Professor Oaks is Associate Professor of Women's Studies, Anthropology, and Sociology at UC Santa Barbara. She has conducted research on reproductive politics in Japan, the Republic of Ireland, and the United States.
Corinna Kahnke
Reading Re-Unification with Gender Glasses
Thursday, May 29th, 11am to 12pm
Erhart Ag. Bldg. 10, Rm 225
This talk addresses the question of whether the gender debate in German 1990s Popliteratur can also be read as a reaction towards the 1989 reunification of Germany. Christian Kracht’s early Faserland (1995) presents a highly gendered quest for a German identity and more recent examples, such as Jana Hensel’s Zonenkinder (2002), imply the gendering of re-unification, where a feminine East is overrun by a masculine West. A look at parallels between the East-West binary and the rhetorical construction of sex and gender binaries (in terms of Judith Butler’s work on the performativity of sex and gender) enables us to conclude that the East German-West German binary may also be as much a social construct as gender.
Corrina Kahnke received her Ph.D. in Modern German Literature and Culture in 2007 from Indiana University, Bloomington. She is currently the lecturer in German for the Department of Modern Languages and Literatures at Cal Poly. Her book chapter “‘Definitely Maybe’—Judith Butler, 90s Popliteratur and the Search for Identity” is forthcoming in A Different Germany: Pop and the Negotiation of German Culture.
Dr. Barbara Katz Rothman
Midwifery and the Politics of Knowledge
Tuesday, May 20, 2008 11:10am-12:00 pm, Erhart Ag. Bldg. 10, Rm 220
We tend to think of the miracle of birth as the making of babies. But midwives understand the miracle of birth to be the making of mothers: strong, competent, capable mothers who trust themselves and know their inner strength. How do midwives in non-medicalized settings organize and conduct their practice to reflect these interests?

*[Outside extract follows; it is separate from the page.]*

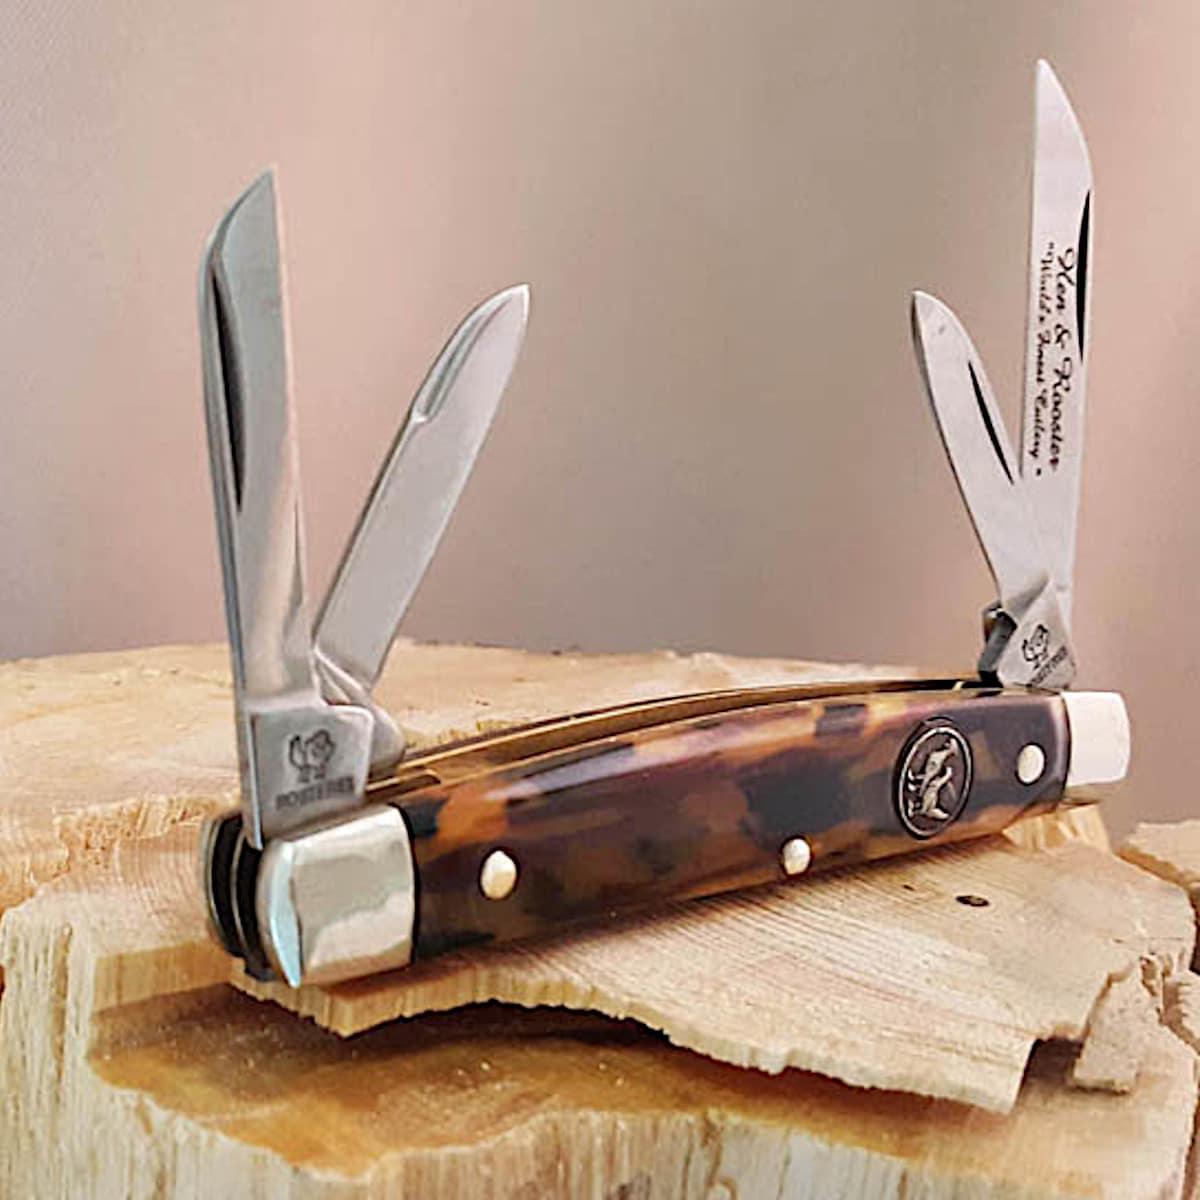 Decorative wooden knives made out of laminated wood

Through a Crystal Darkly: The Racial & Gender Politics of the New Genetics
Tuesday, May 20, 2008 4:10-5:30 pm, Manufacturing Bldg. 36, Rm 106
The much heralded "completion" of the human genome project in the year 2000 raises urgent questions: Do we now have a map of who we are? How will we control the uses of the potentially healing but also likely destructive and highly marketable information genetics brings us? If the history of genetics is one in which scientific knowledge has been used to create and maintain systems of oppression, what role should that history play in our decision making practices about new genetic technologies?